Conspiracy to Commit

Mail and Wire Fraud

78 months

Dariy Pankov

(29, Russia)

Conspiracy to Commit

Access Device and Computer Fraud

60 months

Glib Ivanov-Tolpintsev

(29, Ukraine)

Conspiracy to Commit

Access Device and Computer Fraud

48 months

Alexandru Habasescu

(31, Moldova)

Access Device Fraud

41 months

Adedotun Adejumo

(45, Oklahoma)

Conspiracy to Commit Wire Fraud

33 months

Pavlo Kharmanskyi

(32, Ukraine)

Access Device Fraud

30 months

Joshua Spencer

(29, New York)

Conspiracy to Commit

Access Device Fraud

28 months

Ibrahim Jinadu

(36, Georgia)

Conspiracy to Commit

Wire Fraud

27 months

Brandon Williams

(34, California)

Conspiracy to Commit

Mail and Wire Fraud

12 months

Harold McKinzie

(29, Illinois)

Wire Fraud

5 years’ probation

Bamidele Omotosho

(42, Nigeria)

Conspiracy to Commit Wire Fraud

Sentence pending

Olayemi Adafin

(38, United Kingdom)

Conspiracy to Commit Wire Fraud

Sentence pending

Olakunle Oyebanjo

(29, United Kingdom)

Conspiracy to Commit Wire Fraud

Sentence pending

Akinola Taylor

(38, United Kingdom)

Conspiracy to Commit Wire Fraud

Sentence pending

Oluwarotimi Ogunlana

(29, Texas)

Conspiracy to Commit Wire Fraud

Sentence pending

In addition to the individuals above, xDedic Marketplace buyers Olufemi Odedeyi (42, United Kingdom) and Oluwaseyi Shodipe (41, United Kingdom) have been charged with conspiracy to commit wire fraud and aggravated identity theft. Both and are pending extradition from the United Kingdom. Shodipe has also been charged with making false claims and theft of government funds. If convicted, Odedeyi and Shodipe each face a maximum penalty of 20 years in federal prison.

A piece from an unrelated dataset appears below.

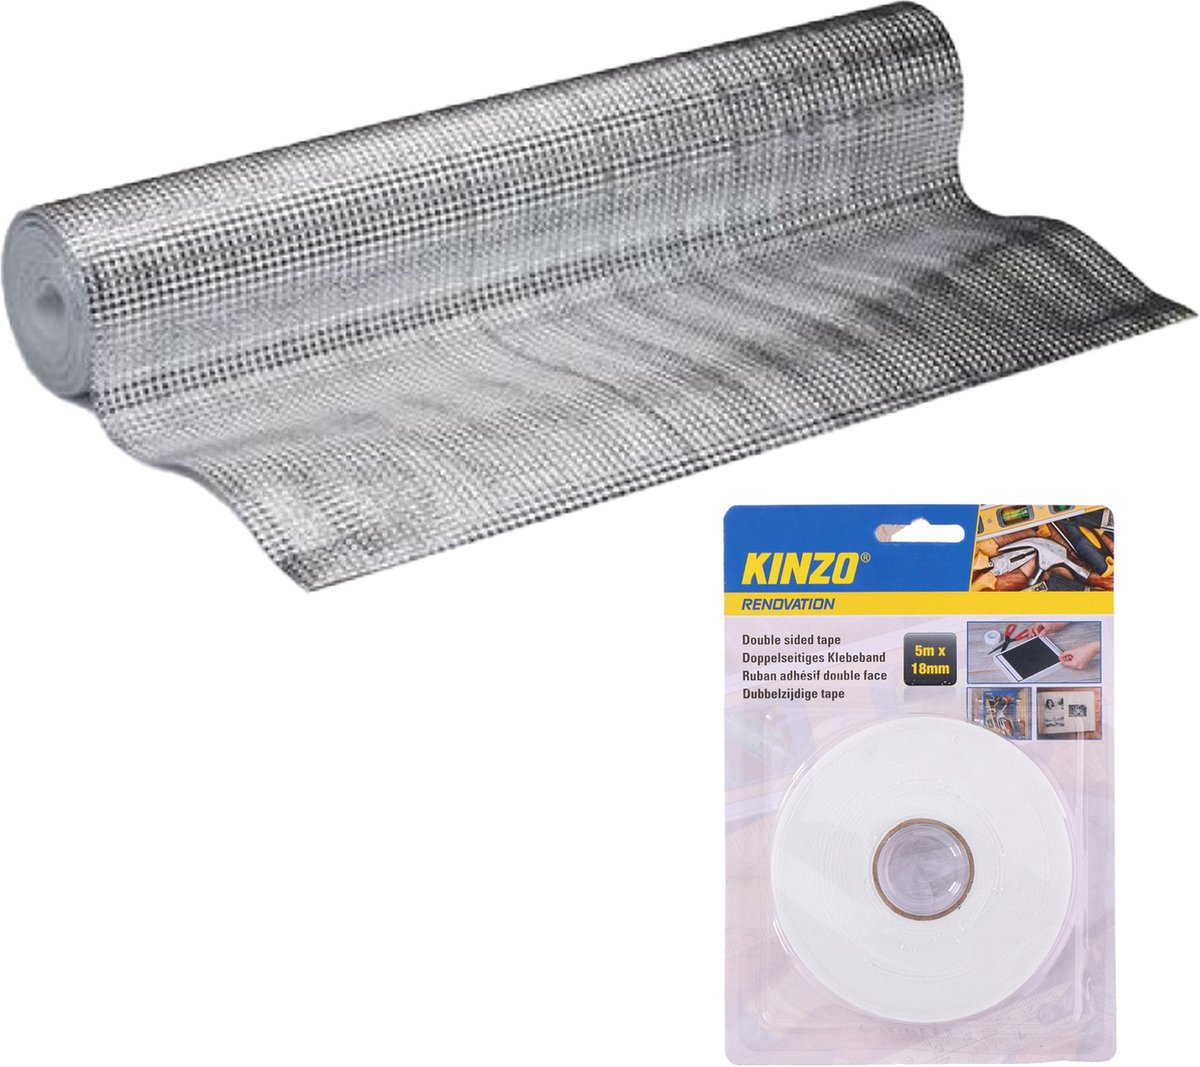 Kinzo Radiatorfolie met bevestiging tape - 250 x 50 cm - aluminium - energiebesparende isolatiefolie

These cases were led by the Tampa Division of the Federal Bureau of Investigation and the Tampa Field Office of Internal Revenue Service – Criminal Investigation. Substantial assistance was provided by the IRS-CI Cyber Crimes Unit (Washington, D.C.), the Department of Justice’s Office of International Affairs, and Homeland Security Investigations. This investigation also benefited greatly from cooperation with foreign law enforcement in Belgium, Georgia, Germany, Poland, Spain, the United Kingdom, Romania, Switzerland, Estonia, Latvia, Bulgaria, Ukraine, Lithuania, and Moldova. The cases are being prosecuted by Assistant United States Attorneys Rachel K. Jones, Carlton C. Gammons, and Suzanne Nebesky.